Photo courtesy of the University of Pennsylvania
1934 - There is a major outbreak of poliio in Los Angeles. Nearly 2,500 polio cases are treated from May through November of that year at the Los Angeles County General Hospital alone.

1935 - Physicians Maurice Brodie and John Kollmer compete against each other, trying to be the first to develop a successful polio vaccine. Field trials fail with disastrous results as vaccines are blamed for causing many cases of polio, some of which are fatal.

1937 - Franklin Roosevelt announces the creation of the National Foundation for Infantile paralysis.

1938 - Entertainer Eddie Canter coins the name "March of Dimes" as he urges radio listeners to send their spare change to the White House to be used by the National Foundation for Infantile Paralysis in the fight against polio. The name sticks.

1940 - Sister Elizabeth Kenny travels from her native Australia to California where she is virtually ignored by the medical community. She then travels to Minnesota where she give the first presentation in the United States to members of the Mayo Clinic staff regarding her procedures for treating polio patients by means of hot-packing and stretching affected limbs.

1942 -- The first Sister Kenny Institute opens in Minneapolis.

1943 - The Sister Kenny Foundation is formed, and Kenny's procedures become the standard treatment for polio patients in the United States, replacing the ineffective traditional approaches of "convalescent serum" and immobilization.

1945 - Large epidemics of polio in the United States occur immediately after the war with an average of more than 20,000 cases a year from 1945 to 1949.

1947 - Jonas Salk accepts a position in Pittsburgh at the new medical laboratory funded b y the Sarah Mellon Scientific Foundation.

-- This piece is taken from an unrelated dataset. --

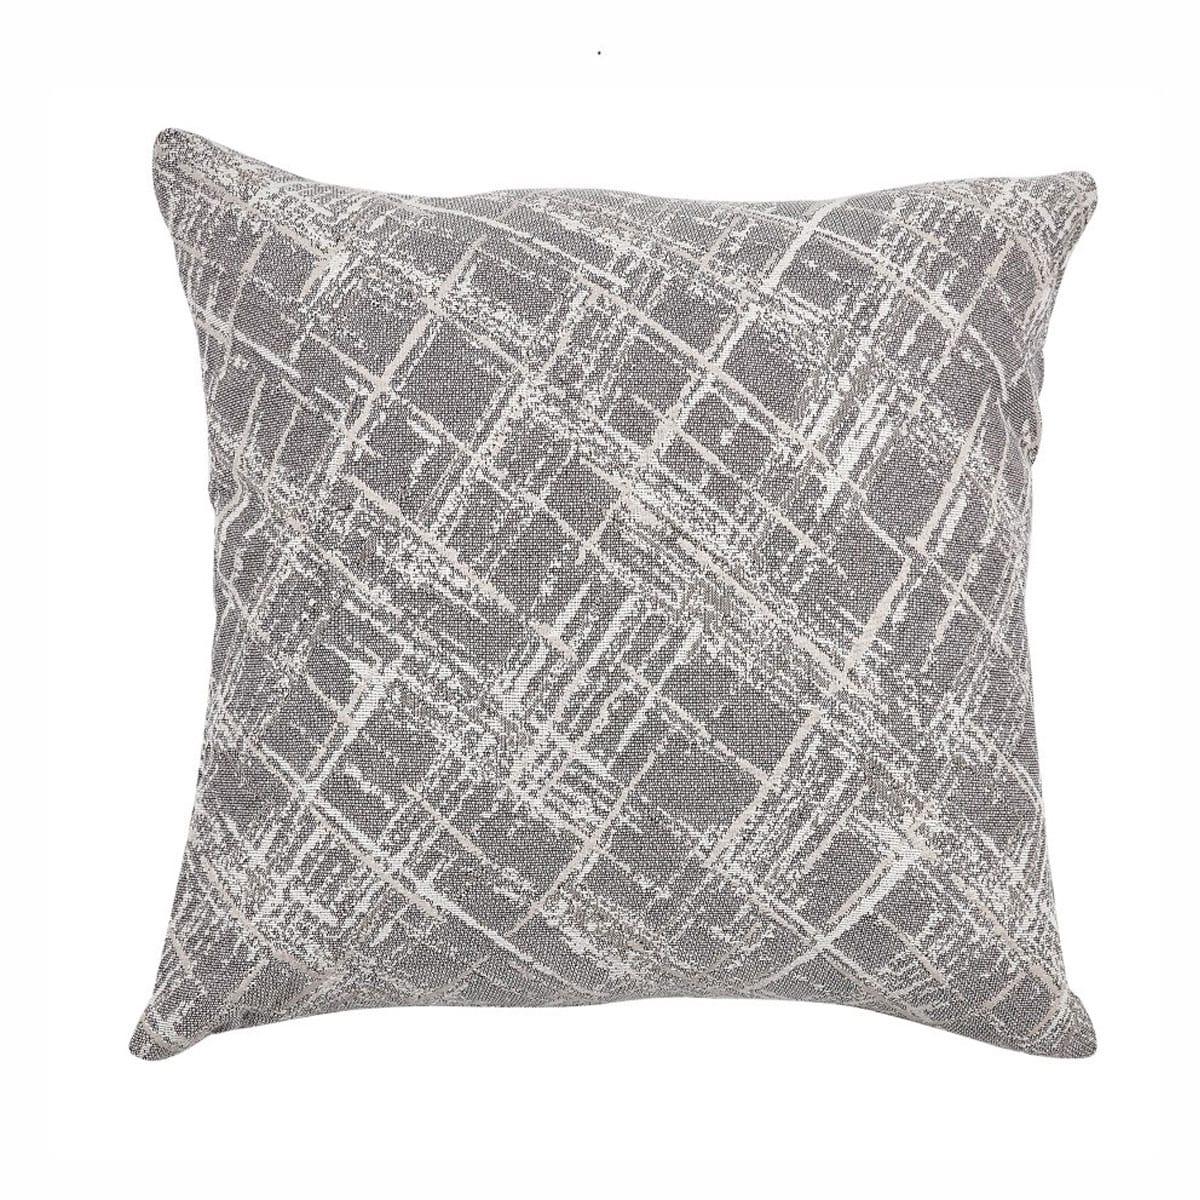 Μαξιλαροθήκη Διακοσμητική Rust 15 Grey Kentia 50X50 Βαμβάκι-Polyester
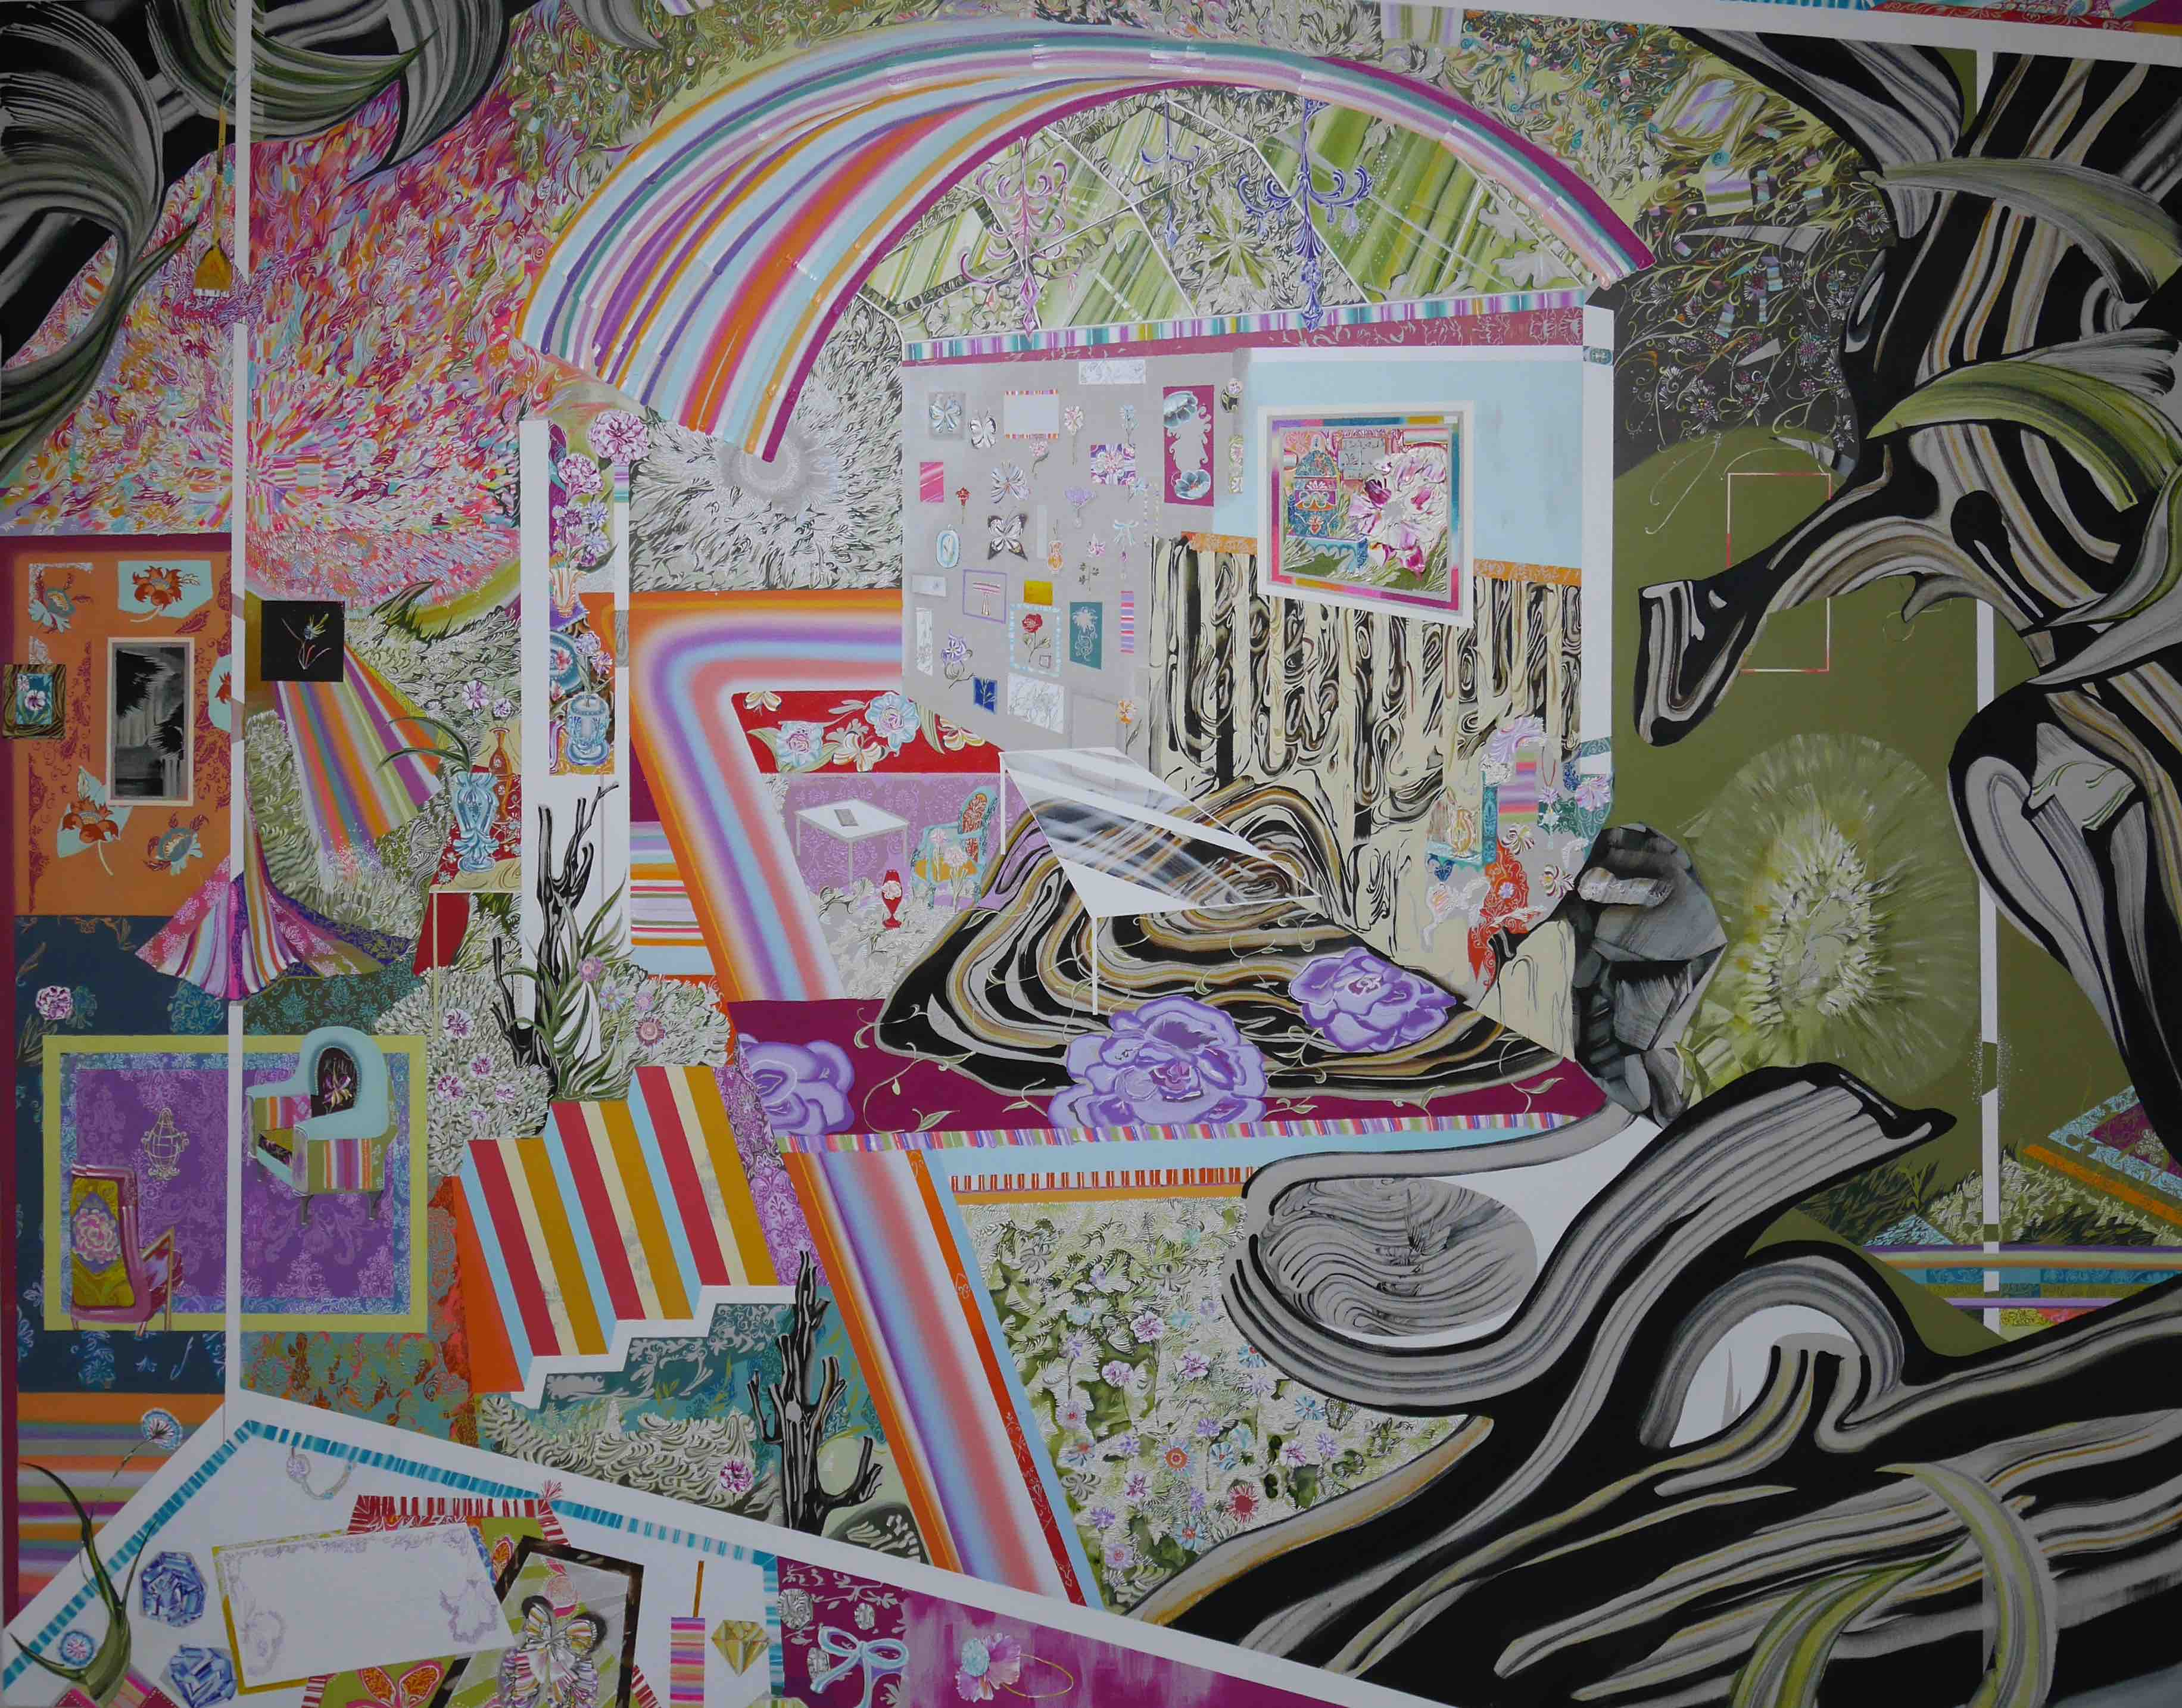 見つくすことが出来ない絵画 水野里奈個展  「絵画とドローイングの境界線」【今週のおすすめアート】

1948 - Salk's laboratory is one of four awarded research grants for the polio virus typing project. Salk decides to use the newly developed tissue culture method of cultivating and working with the polio virus. Other researches, including Albert Sabin, who would later develop the oral polio vaccine, contiue to do their work with monkeys infected with the polio virus, a more difficult and time-consuming process.

Doctors Salk and Younger
Photo courtesy of the University of Pittsburgh
1952 - There are 58,000 cases of polio in the United States -- the most ever. Early versions of the Salk vaccine, using killed polio virus, are successful with small samples of patients at the Watson Home for Crippled Children and the Polk State School, a Pennsylvania facility for individuals with mental illness.

1953 - Amid continued "polio hysteria," there are 35,000 cases of polio in the United States.

A physical therapist works with two polio-strickened children
Photo courtesy of the Centers for Disease Control and Prevention
1954 - Massive field trials of the Salk vaccine are sponsored by the National Foundation for Infantile Paralysis.

1955 - News of the successful vaccine trials is announced and a nationwide vaccination program is quickly started.

1957 - After a mass immunization campaign promoted by the March of Dimes, there are only about 5,600 cases of polio in the United States.

1958 and 1959 - Field trials prove the Sabin oral vaccine, which uses live, attenuated (weakened) virus, to be effective.

1962 - The Salk vaccine is replaced by the Sabin oral vaccine, which is not only superior in terms of ease of administration, but also provides longer-lasting immunization.

Children taking the Sabin oral polio vaccine in the early 1960s
1964 - Only 121 cases of polio are reported nationally.

1979 - The last indigenous transmission of wild polio virus occures in the United States. All future cases are either imported or vaccine-related.

Most of the information in this post comes from Dr. Edmund Sass's book, Polio's Legacy: An Oral History.

1 comment:

  1. Interesting, I had forgotten what was in that sugar cube in 1964.